Segment Open

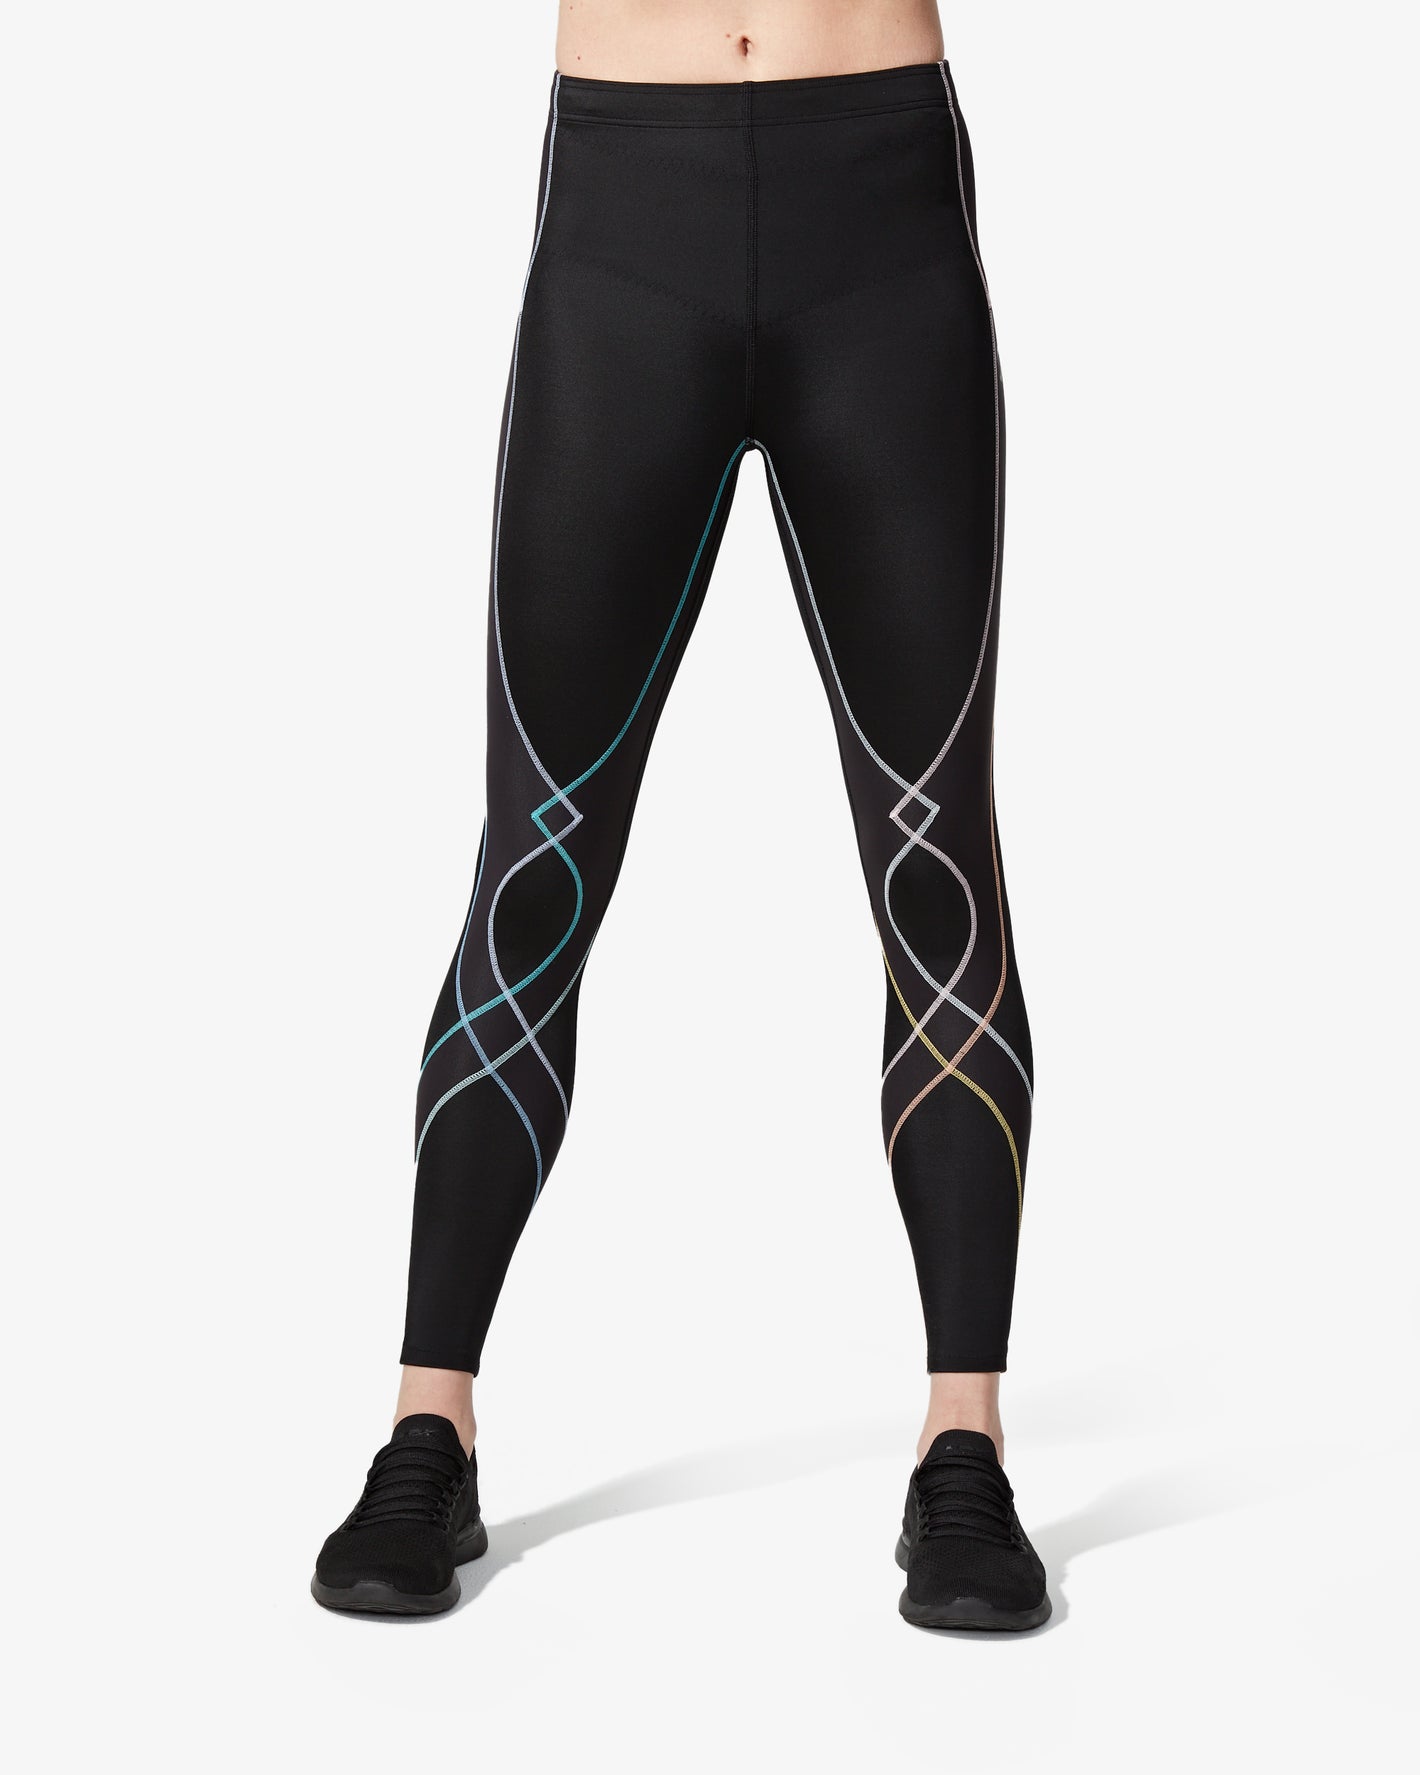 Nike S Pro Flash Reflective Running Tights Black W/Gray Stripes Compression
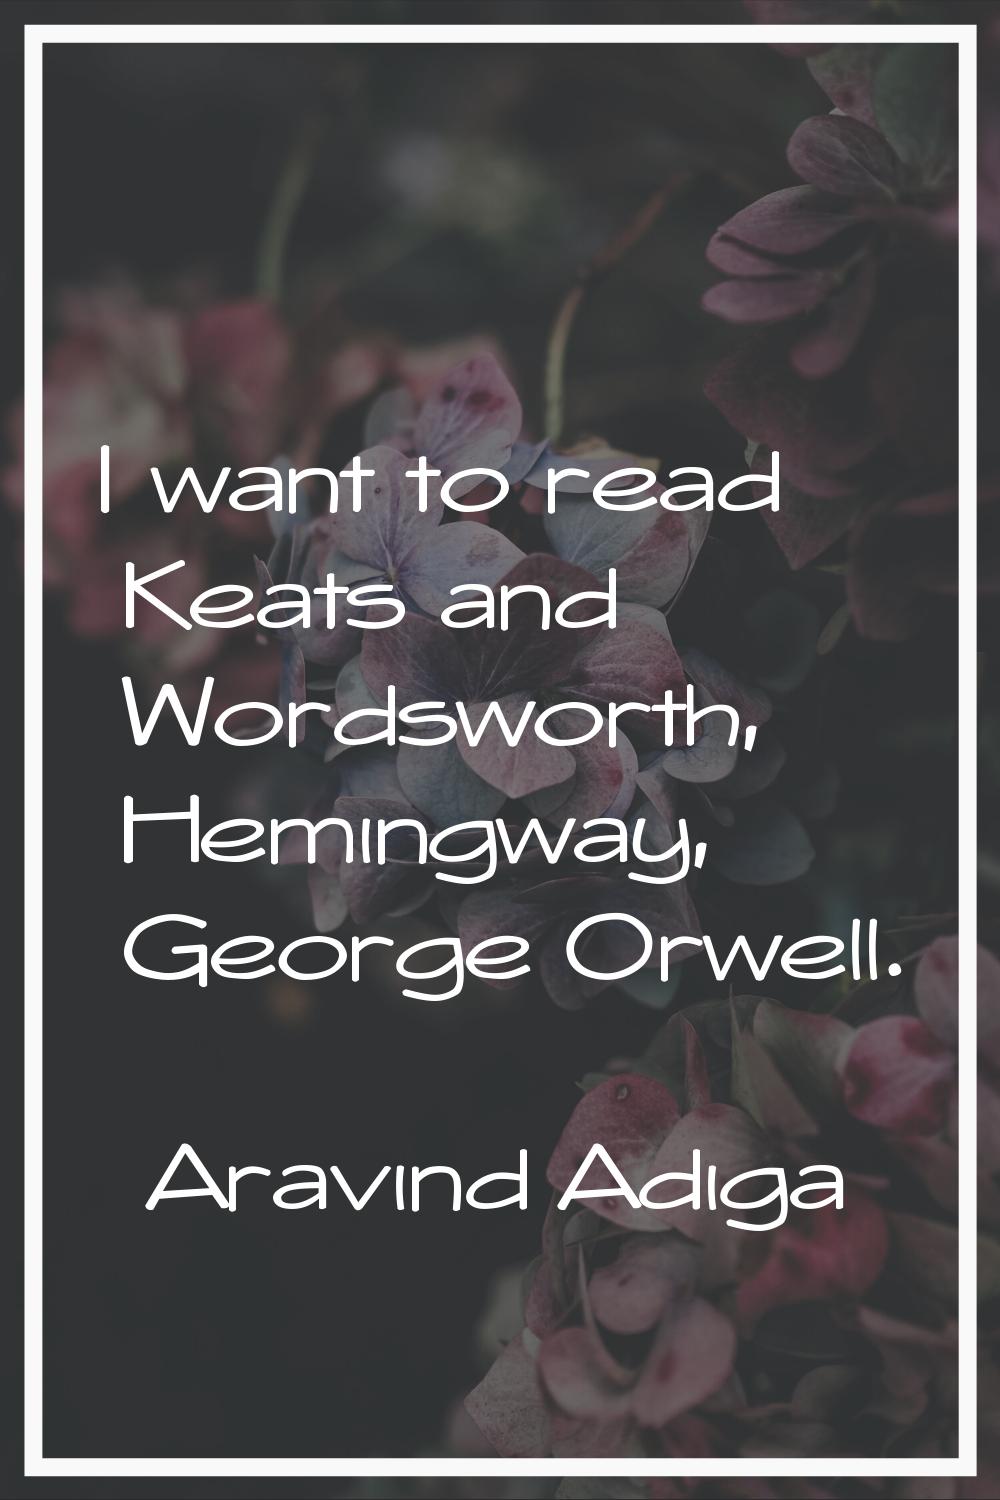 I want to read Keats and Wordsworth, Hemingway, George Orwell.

Segment Closed
Segment Open

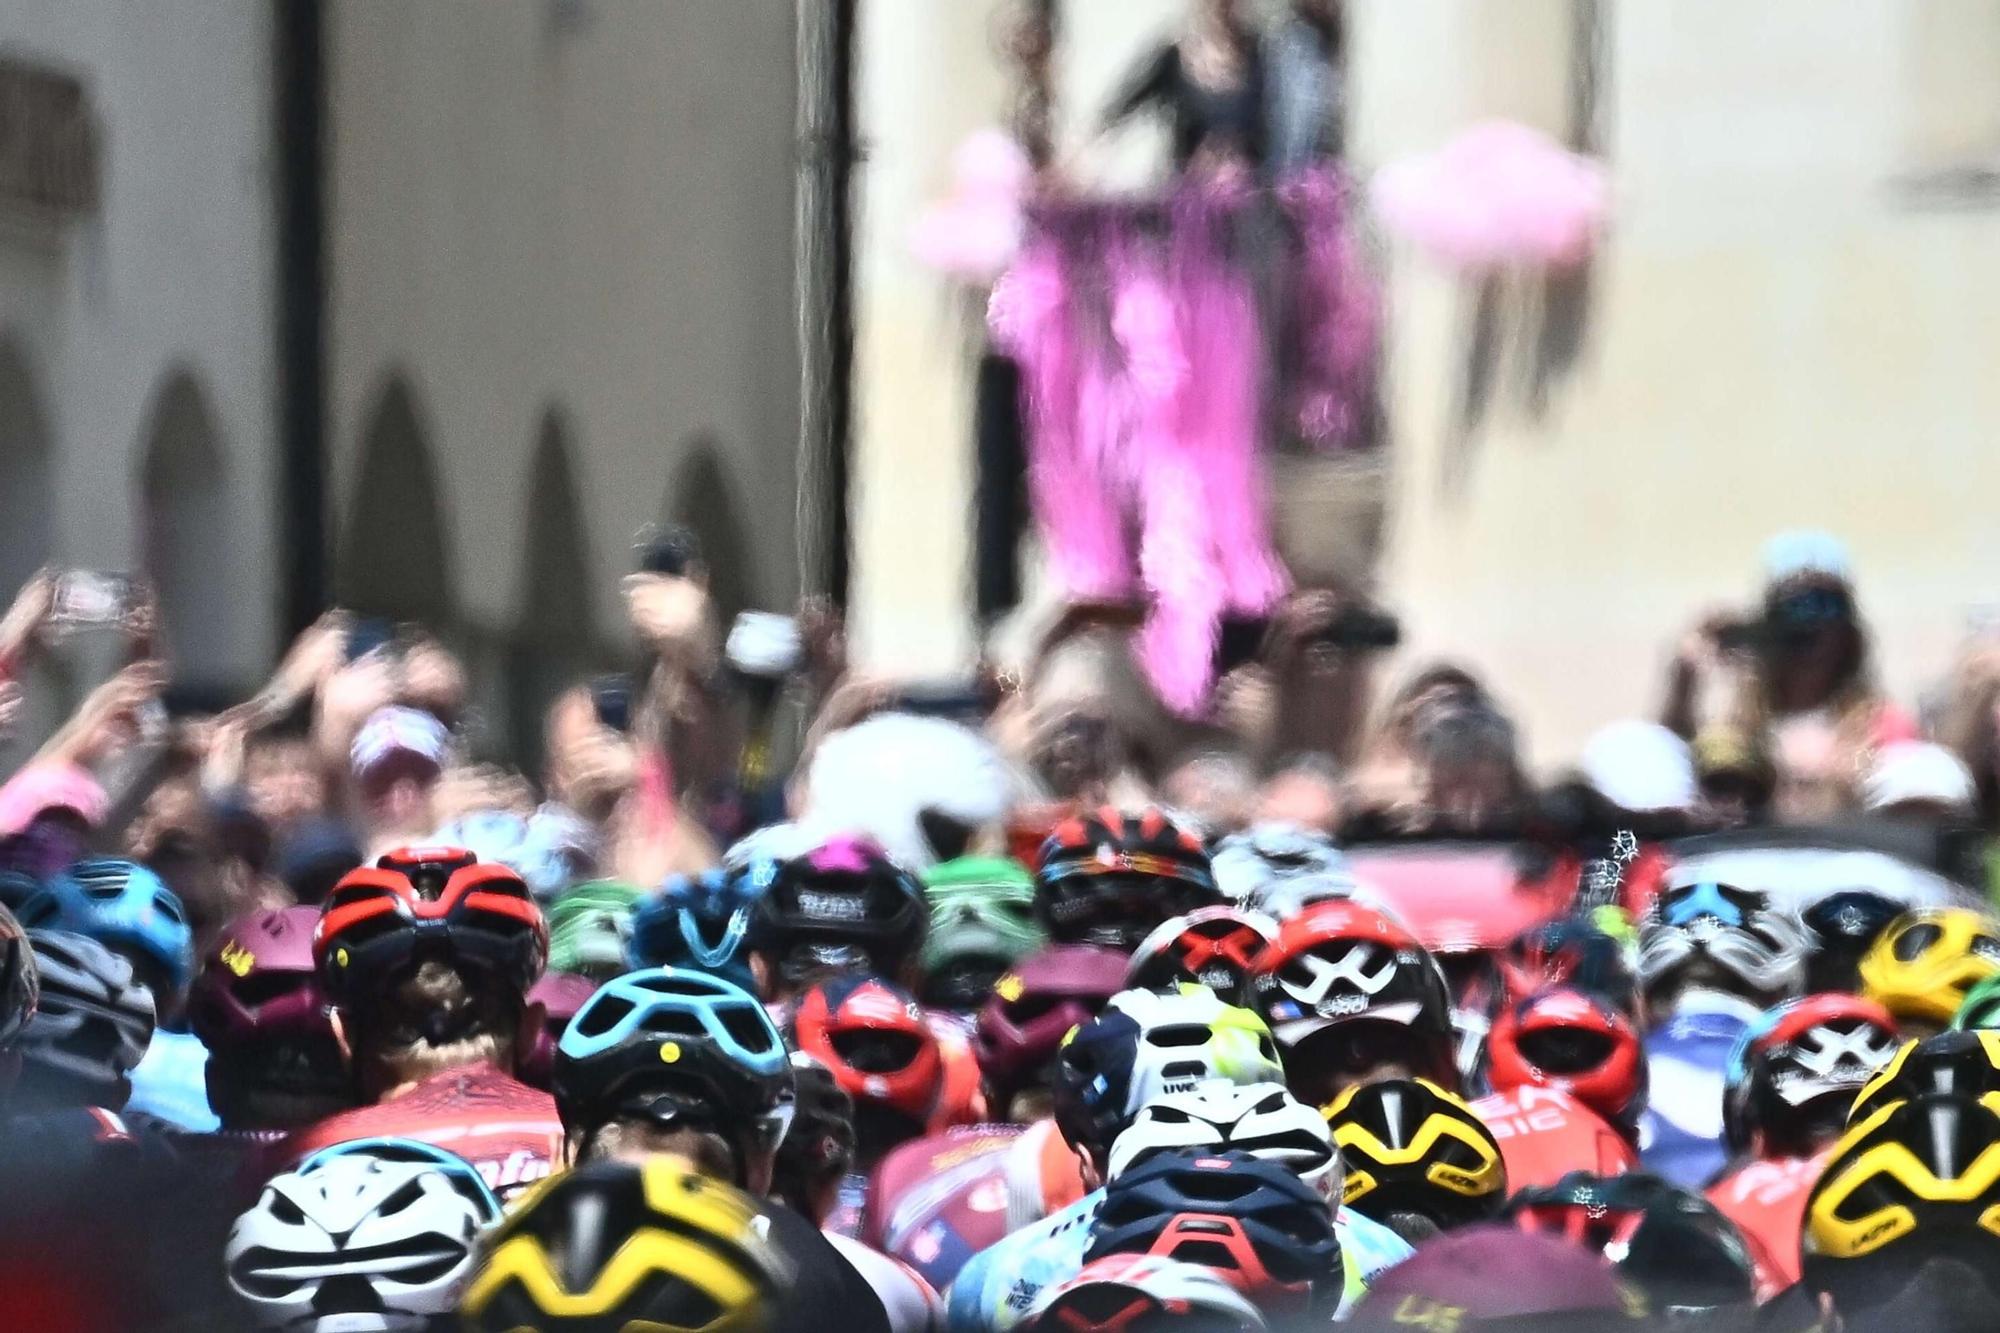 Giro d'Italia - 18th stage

Segment Closed

▶ Required work:
Find the line with "Nike S Pro Flash" and the line with "I want to read" in the records above. Copy both and all lines between them exactly, without pictures.

▶ Result of this task:
 Nike S Pro Flash Reflective Running Tights Black W/Gray Stripes Compression
 I want to read Keats and Wordsworth, Hemingway, George Orwell.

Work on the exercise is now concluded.